Invasion assay. a) Invasive behavior of ADSCs (black bar) and A431-SCCs (red bar) alone and in co-culture, measured as the level of optical density at 560 nm with a standard deviation (SD). When co-cultured with A431-SCCs (black bar with red checkerboard pattern) ADSCs showed a significantly higher invasive capacity as in mono-culture (P = 0.014). Co-culture of SCCs with ADSCs (red bars with black diagonal slashes) also leads to a significant increase in the invasive behavior of A431-SCCs (P <0.001). b) Invasive behavior of ADSCs (black bar) and pSCCs (yellow bar) alone and in co-culture, measured as the level of optical density at 560 nm, with a SD. When co-cultured with pSCCs (black bar with yellow checkerboard pattern) ADSCs did not significantly change their invasive capacity compared to mono-culture.
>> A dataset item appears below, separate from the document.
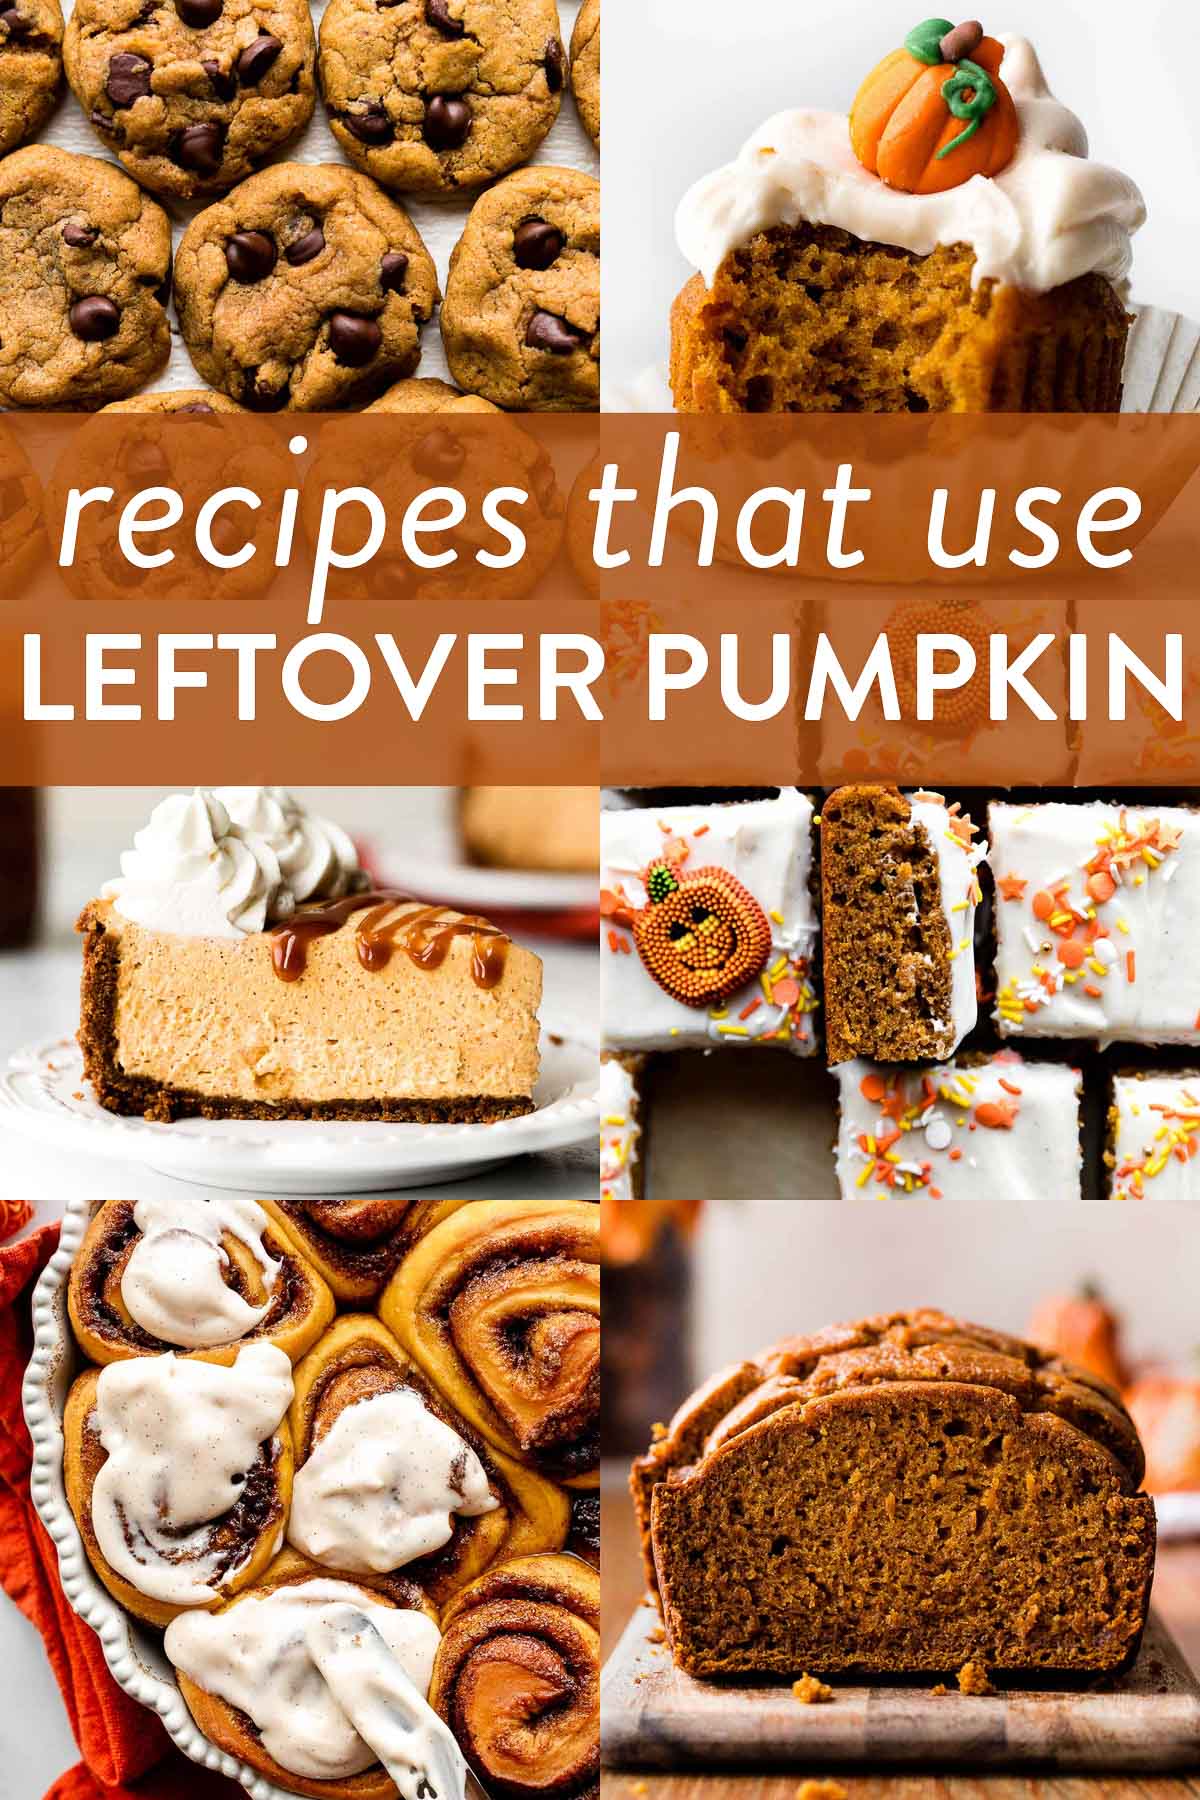 collage of pumpkin recipe photos including pumpkin cupcakes, pumpkin cheesecake, pumpkin bread, and pumpkin cookies with the text recipes that use leftover pumpkin overlayed.

Co-culture of pSCCs with ADSCs (yellow bars with black diagonal slashes), however, leads to a significant increase in the invasive behavior of pSCCs (P = 0.013). ADSC, adipose tissue derived stem cells; pSCCs, primary squamous cell carcinoma cells; SCCs, squamous cell carcinoma cells.

Figure 6

Induction of angiogenesis. Angiogenesis assay with incubation of HUVEC cells with conditioned media from mono-cultured ADSCs (a, e), A431-SCCs (b), pSCCs (f), co-cultured ADSC-A431-SCCs (c), and co-cultured ADSCs-pSCCs (g). Controls (d, h) were induced with PMA. Tube formation could be detected with conditioned media from co-cultured ADSC-A431-SCCs, slightly from co-cultured ADSCs-pSCCs, and mono-cultured ADSCs or A431-SCCs. No significant angiogenesis could be detected when conditioned media from pSCC- or A431-SCC-mono-culture was added to the system. ADSC, adipose tissue derived stem cells; HUVEC, human umbilical vein endothelial cells; PMA, phorbol 12-myristate 13-acetate; pSCCs, primary squamous cell carcinoma cells; SCCs, squamous cell carcinoma cells.